After importing, configure each dashboard’s data source to use the Prometheus data source added above. Set the default time range to Last 24 hours and the refresh interval to 1m.

Custom dashboards¶

Security overview¶

This dashboard was built by Angua and does not have a Grafana library ID; it was created directly. To recreate it:

Create a new dashboard and add the following panels.

Panel: Failed authentication rate

Query: rate(graylog_stream_messages_total{stream="authentication-events"}[5m])
Visualisation: Time series
Title: Authentication events per minute

Panel: Active HTTP 5xx errors

Query: sum(rate(nginx_http_requests_total{status=~"5.."}[5m])) by (host)
Visualisation: Time series

Panel: Vault token issuance rate

Query: rate(vault_token_creation_total[5m])
Visualisation: Stat

Panel: Top source IPs (last hour)

This panel uses a Graylog data source rather than Prometheus. Add Graylog as a data source using the Graylog Grafana plugin and configure it to query the Web access stream. Dr. Crucible installed the plugin; if it is absent, grafana-cli plugins install graylog-datasource.

Save the dashboard and pin it to the home screen. Adora Belle should see it immediately on login.

Alerting from Grafana¶

Grafana alerting is used for threshold-based infrastructure alerts that complement Graylog’s log-based security alerts. Navigate to Alerting, then Alert rules.

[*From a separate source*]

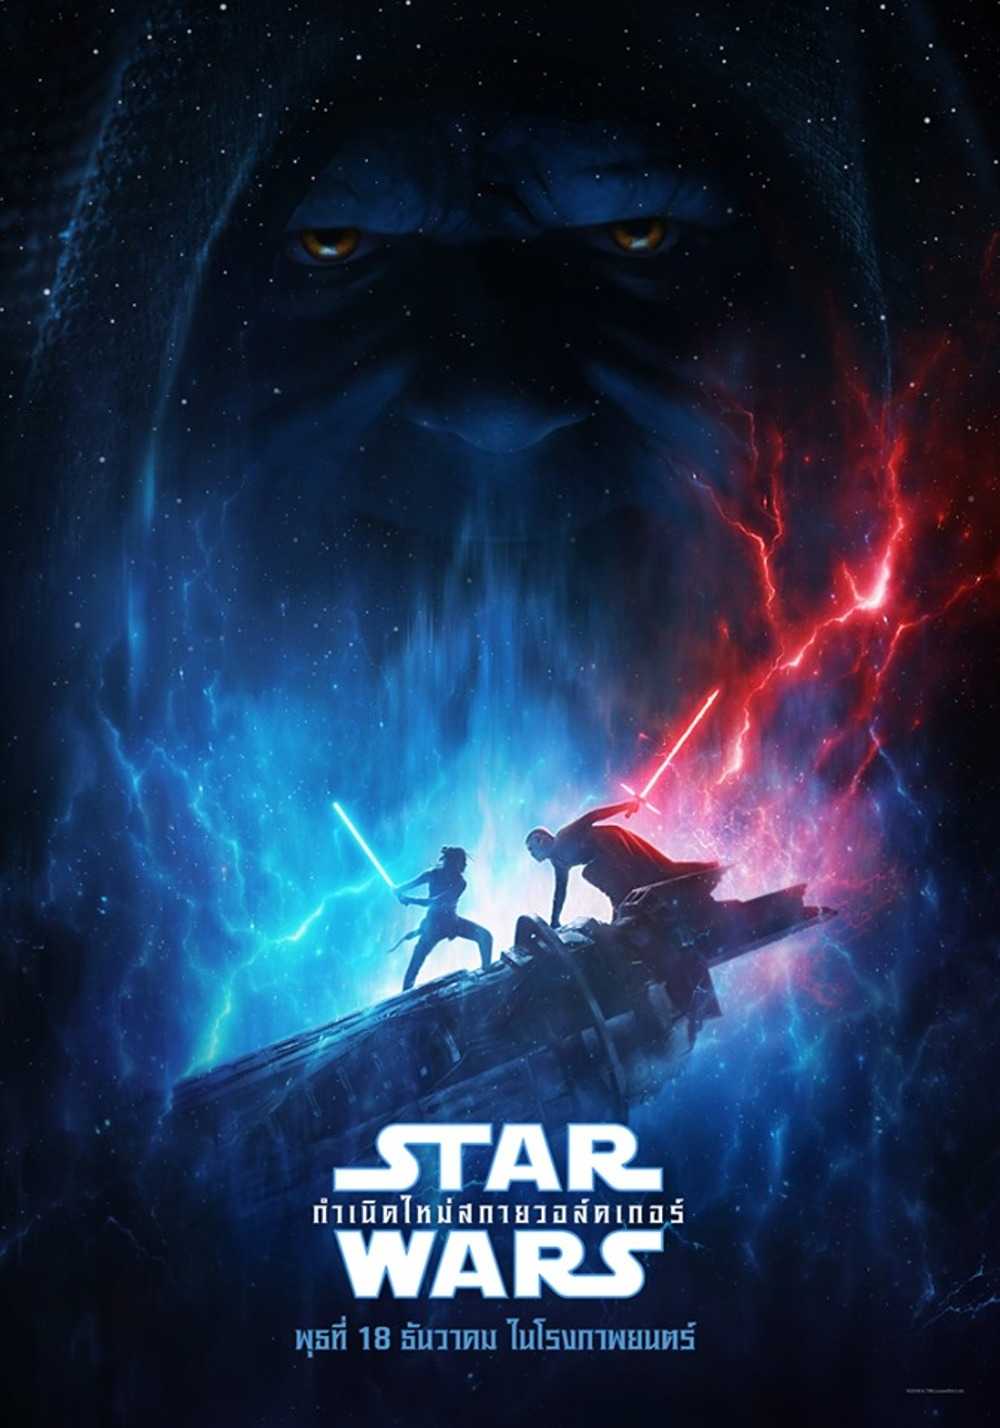 ดูหนังออนไลน์ Star Wars 9 The Rise of Skywalker (2019) สตาร์ วอร์ส

Create an alert for high CPU utilisation:

Name: High CPU utilisation
Query A: 100 - (avg by (instance) (rate(node_cpu_seconds_total{mode="idle"}[5m])) * 100)
Condition: is above 90
For: 5m (must be above threshold for 5 minutes before alerting)
Contact point: create a Slack contact point using the #infrastructure-alerts webhook from Vaultwarden

Create an alert for low disk space:

Name: Low disk space
Query A: (node_filesystem_avail_bytes{mountpoint="/"} / node_filesystem_size_bytes{mountpoint="/"}) * 100
Condition: is below 15
For: 10m
Contact point: Slack #infrastructure-alerts and email

These alert on infrastructure problems. Security alerts live in Graylog. Keep the two systems focused on their respective domains; mixing them creates noise and confusion about which system to check when something is wrong.